Roasted Vegetables “Ratatouille-style”

Adapted from Smitten Kitchen

Serves 4 as a side


  • 1 large eggplant, cut in half lengthwise, and then sliced in 1/4 inch slices
  • 1 zucchini, sliced
  • 1 yellow squash, sliced
  • 1 Italian pepper, sliced (can substitute with bell pepper)
  • 1 small onion, sliced
  • 1 tomato, diced
  • 3-4 cloves garlic, thinly sliced
  • 3 Tbs olive oil, divided in half
  • 2 Tbs finely chopped oregano, divided
  • 1 Tbs fresh basil, torn
  • dash of red pepper flakes
  • salt and pepper to taste


Preheat oven to 400 degrees.  Slice vegetables into slices about 1/4 inch thick. Drizzle half the olive on the bottom of a roasting pan.  Layer vegetables in the pan.  Drizzle with the rest of the olive oil, and sprinkle 1 Tbs oregano, red pepper flakes, and salt and pepper to taste.  Roast in the oven for about 30 minutes.  Remove from oven.  Sprinkle tomato and remaining herbs.  Drizzle a little extra olive oil and adjust seasonings, if desired. 

Monday, August 12, 2013

So Long Summer: Watermelon and Feta Salad




From now until the end of the summer, I have started a “So Long Summer” series, in which I will be highlighting my favorite summer fruits and vegetables, so we can all enjoy them one last time (or three or four more times, as the case may be), before they’re gone for the season.  First up, Watermelon and Feta salad!

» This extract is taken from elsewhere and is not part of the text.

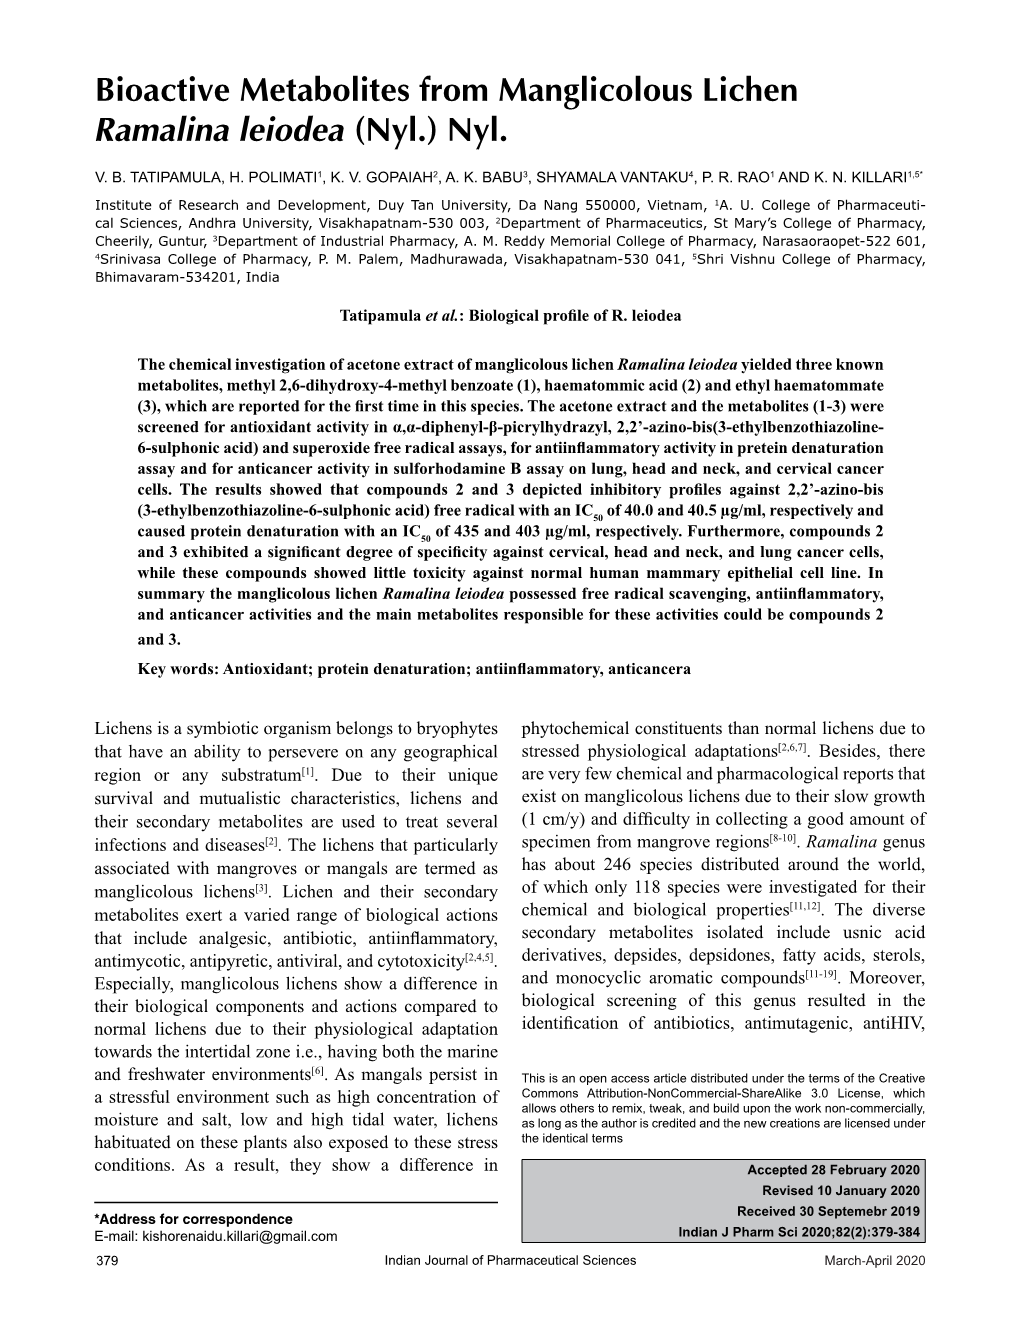 Bioactive Metabolites from Manglicolous Lichen Ramalina Leiodea (Nyl.) Nyl

I first learned this salad from reading Peanut Butter Fingers, one of my favorite healthy living blogs.  At first, I will admit it seemed kind of weird, but intriguing to me.  At the time I read about it, I happen to have half a watermelon and feta cheese in the fridge,  so I decided to give it a whirl.  Turns out, watermelon and feta are a winning combination! Something about the tangy salty creaminess of the feta makes it the perfect contrast to the cold and sweet of the watermelon.  J. and I have made it several times since then, and even brought to a party where it was a big hit. 

Watermelon and Feta Salad

Adapted from Peanut Butter Fingers


Note: The measurements are very fluid and you can use as much or as little as you want – I just eyeballed these measurements

  • 2 cups seedless watermelon, cubed
  • 2 cups arugula or any mixed salad greens you have (the peppery arugula goes great with the watermelon, but really any mix of greens will do)
  • Pinch of kosher salt and freshly ground pepper
  • A drizzle of olive (probably about 2-3 tsp)


Place a layer of salad greens into a bowl.  Layer the watermelon and feta on top.  Sprinkle salt and pepper.  Just before serving, drizzle olive oil on top.  Serves 2.

Monday, August 5, 2013

Fuji Apple and Gorgonzola Salad



A few weeks ago, I had a lovely lunch with the even lovelier book club ladies, at the Iron Monkey, a cool bar/restaurant in Jersey City.  Since I wanted to keep the meal nice and light, I ordered the Fuji Apple and Endive Salad.  This salad is so simple, yet oh so tasty – the crisp sweetness of the apple was complemented nicely by the sweet and salty candied pecans and the creamy tang of the gorgonzola.  I enjoyed this salad so much I knew I had to try to recreate at home.  I made a few variations with what I had on hand at home – I may be biased, I actually think my version is better.

Fuji  Apple and Gorgonzola Salad


For the salad:

  • 2-3 cups Mixed salad greens
  • 1 Fuji apple, sliced
  • 1/2 cup crumbled gorgonzola cheese
  • 1/4 mixed nuts chopped

For for the apple cider vinaigrette:

  • 1/3 cup apple cider vinegar
  • 1/8 cup olive oil
  • 1 tsp honey
  • pinch of salt and pepper

Layer salad ingredients into a bowl.  In a separate bowl whisk together dressing ingredients.  Drizzle dressing lightly over salad. Serves 2.